--- Problem requirements ---
Leave out the images; return the rest of the data exactly.

══ Supplied material

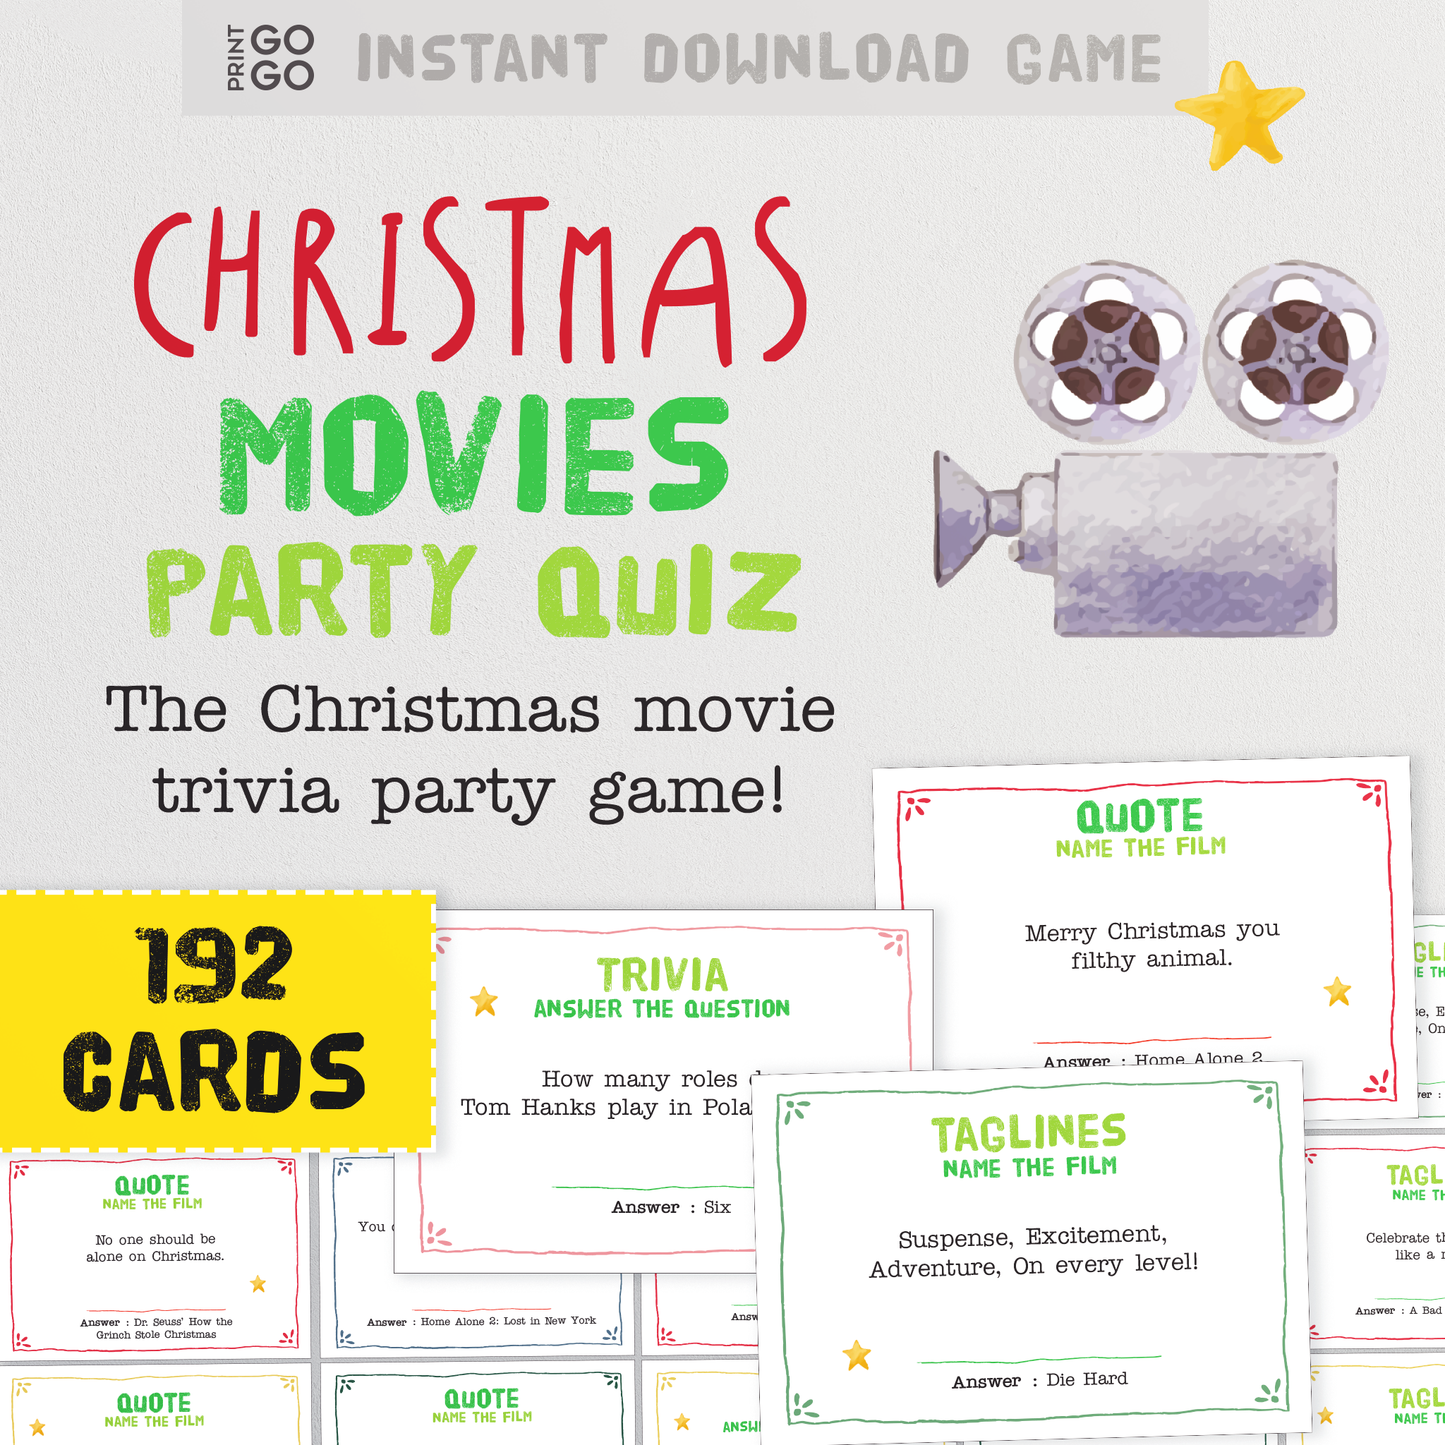 Christmas Movies Party Quiz - The Fun Christmas Movie Trivia Party Game
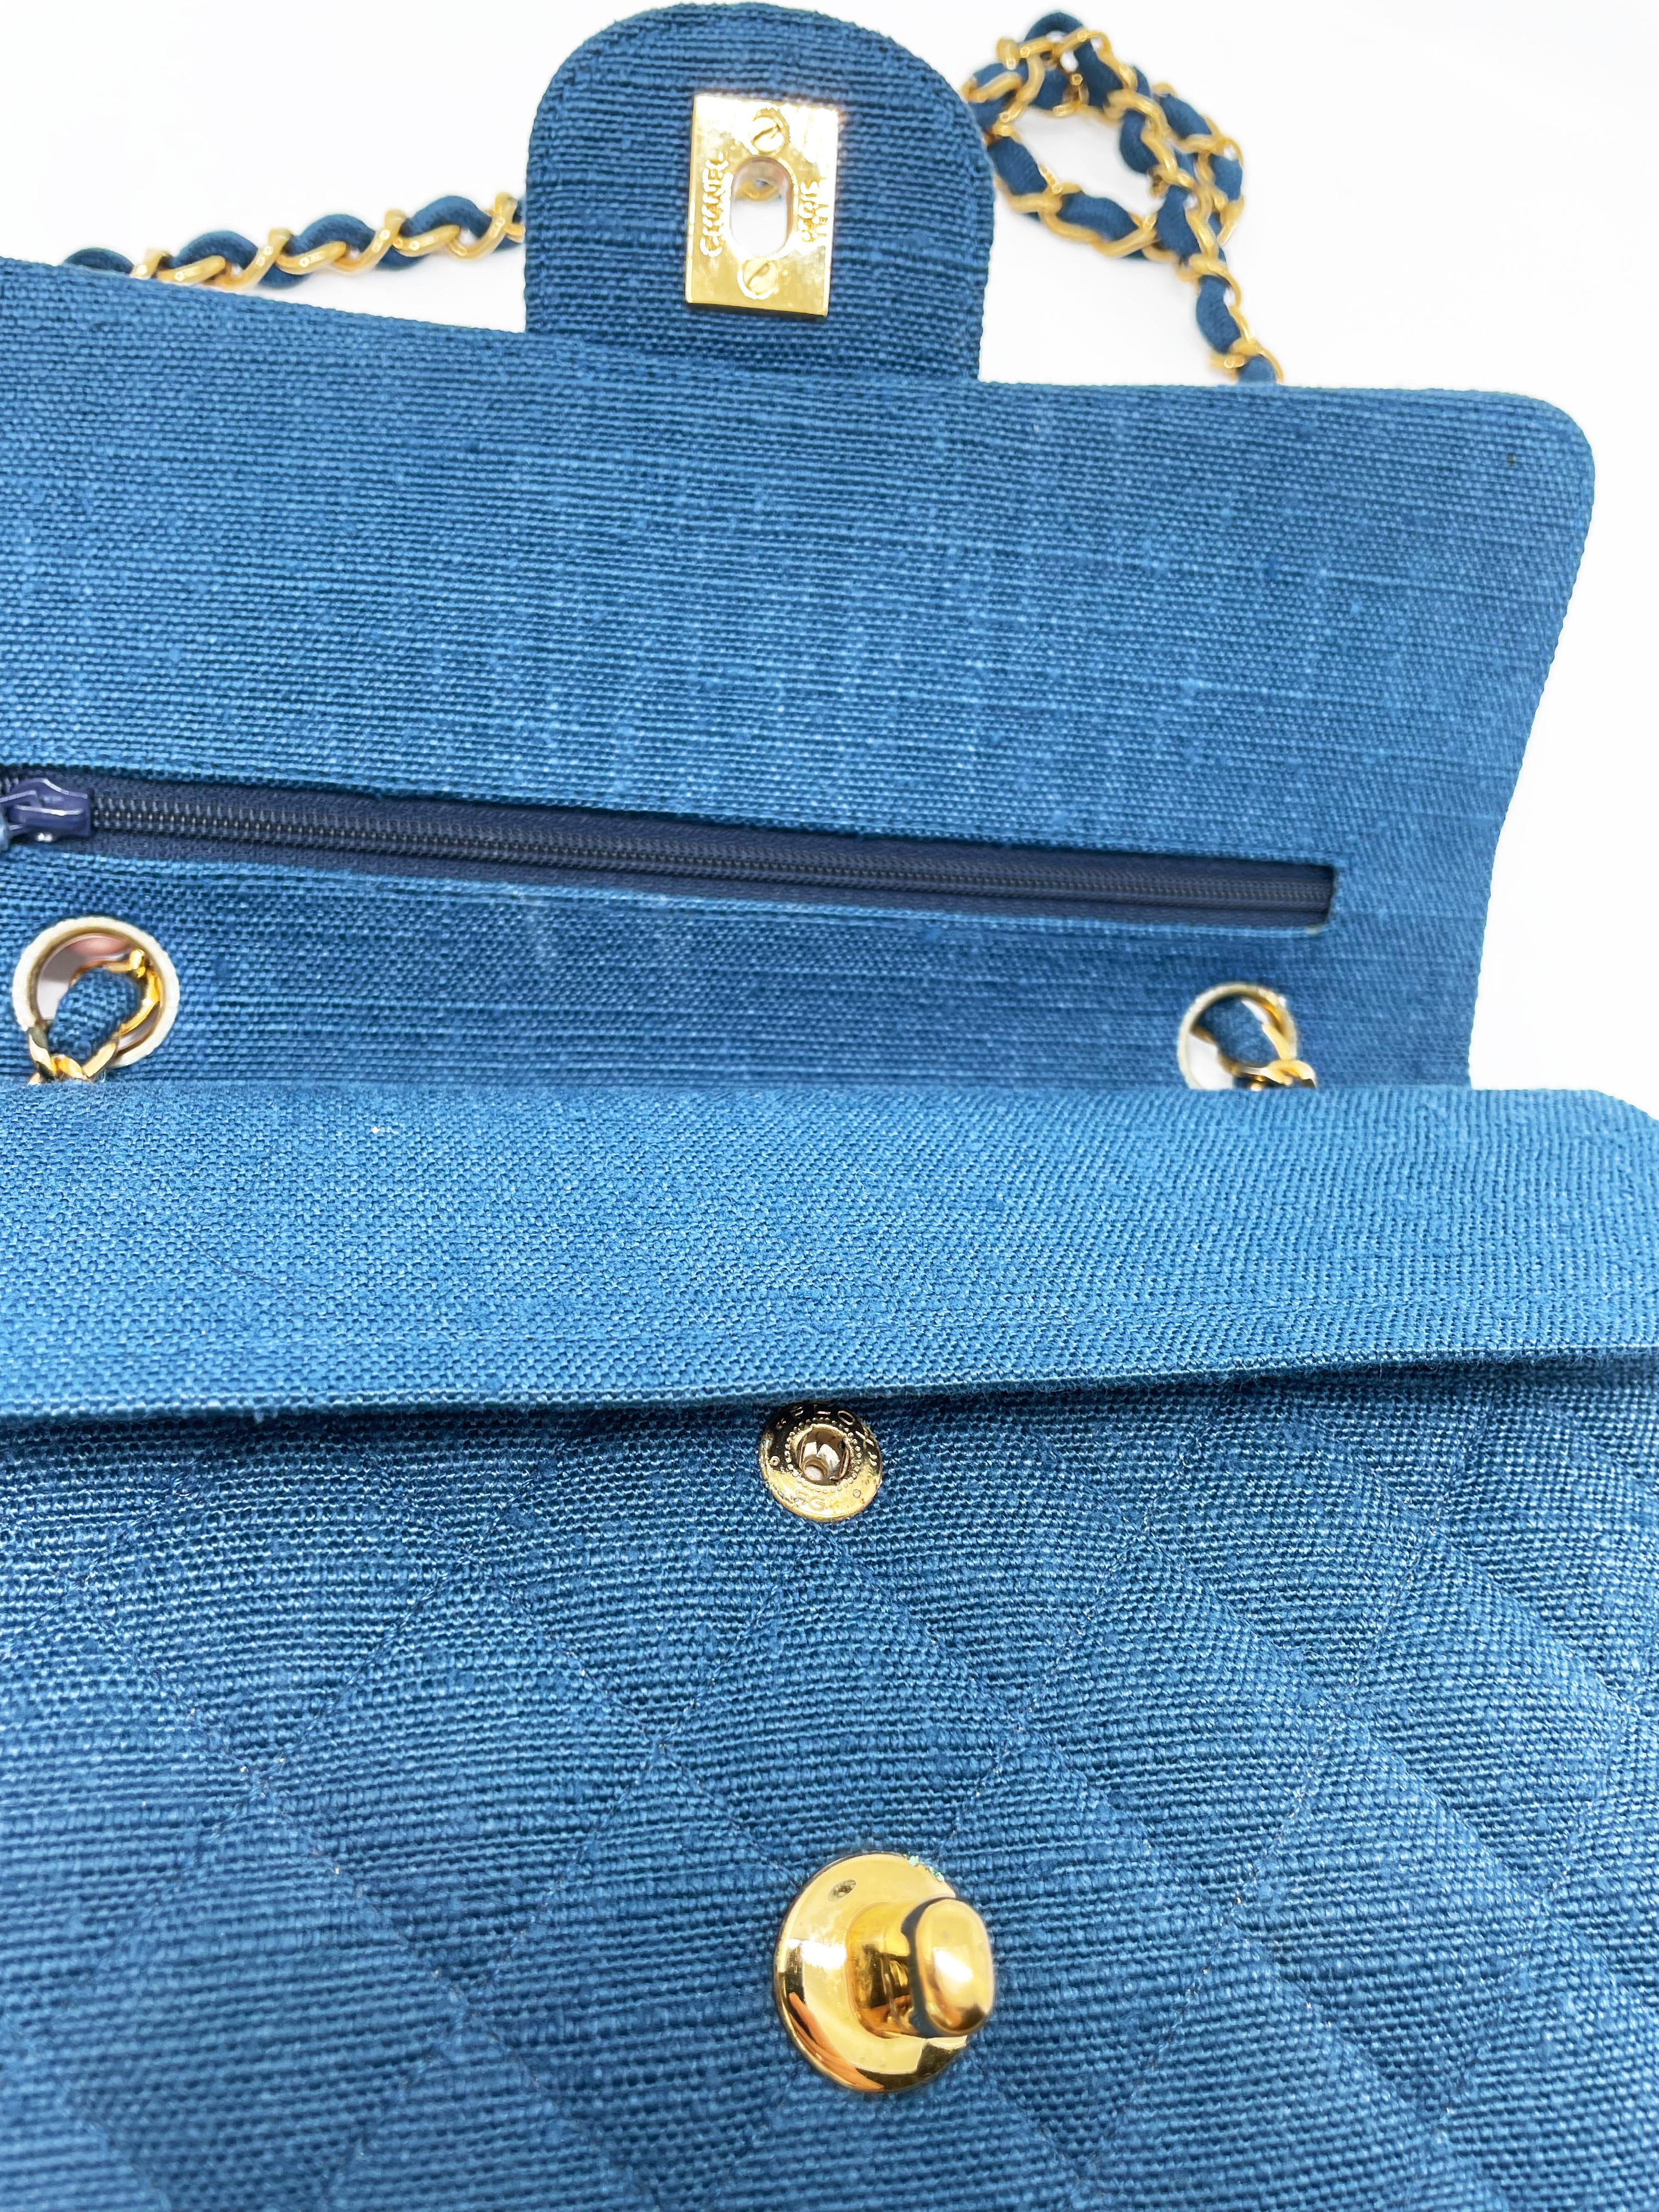 Small Classic Chanel Blue Denim Bag 9
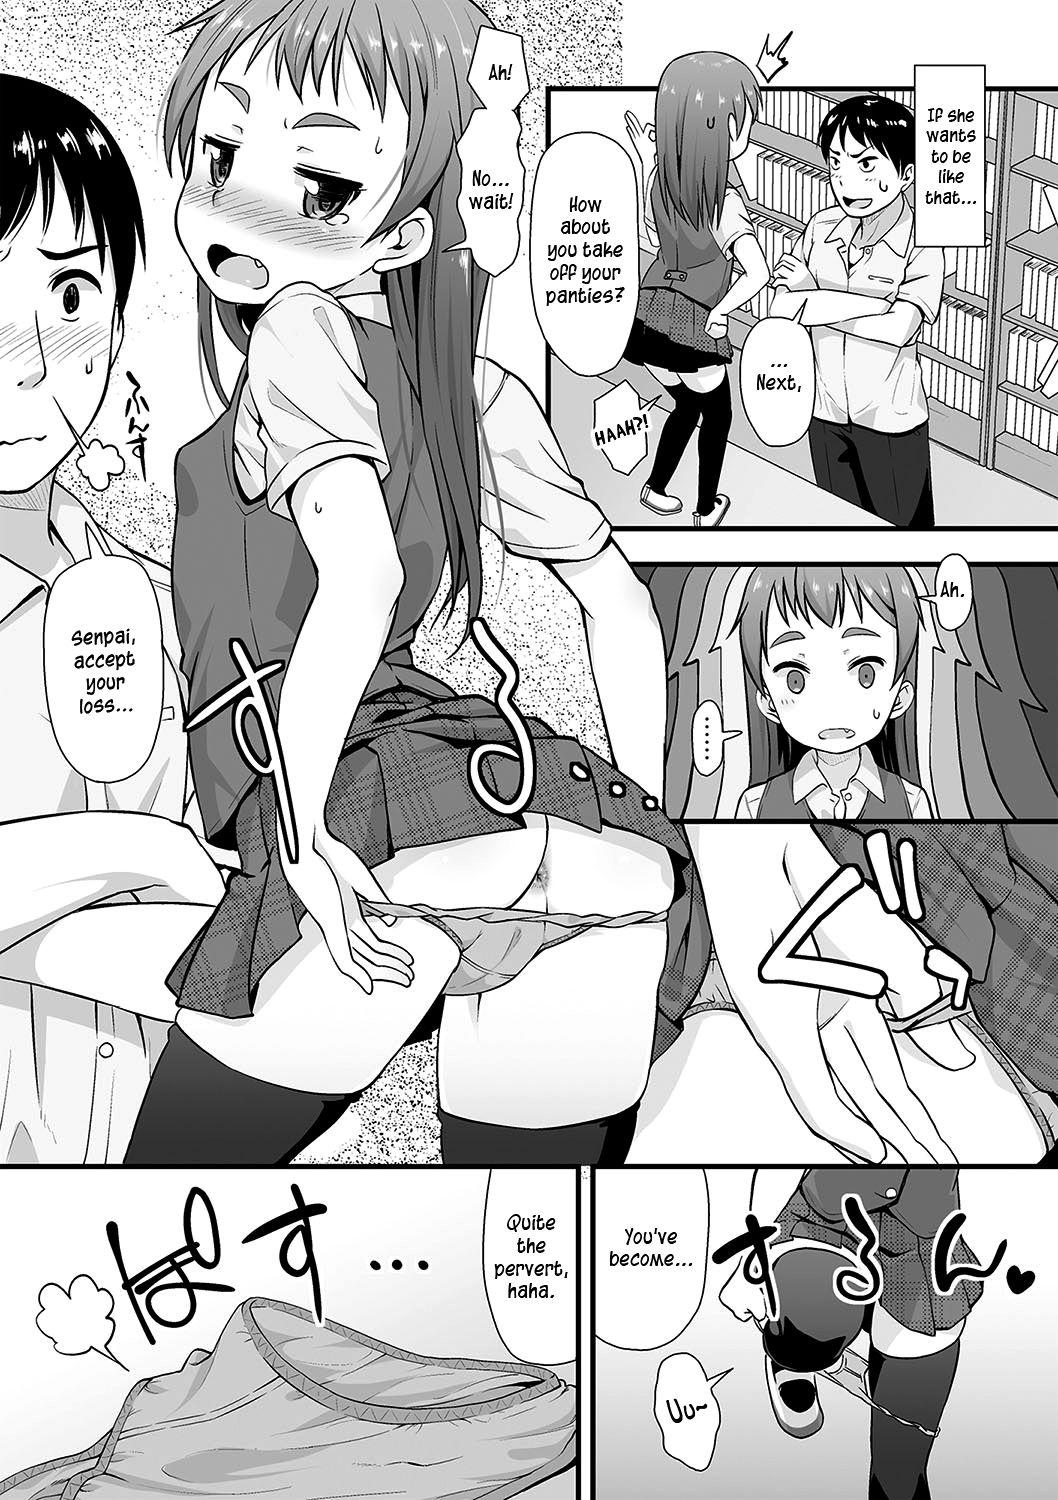 Manga Club Activity Log 6

════

--- Solution below ---
 Christmas Movies Party Quiz - The Fun Christmas Movie Trivia Party Game
 Small Classic Chanel Blue Denim Bag 9
 Manga Club Activity Log 6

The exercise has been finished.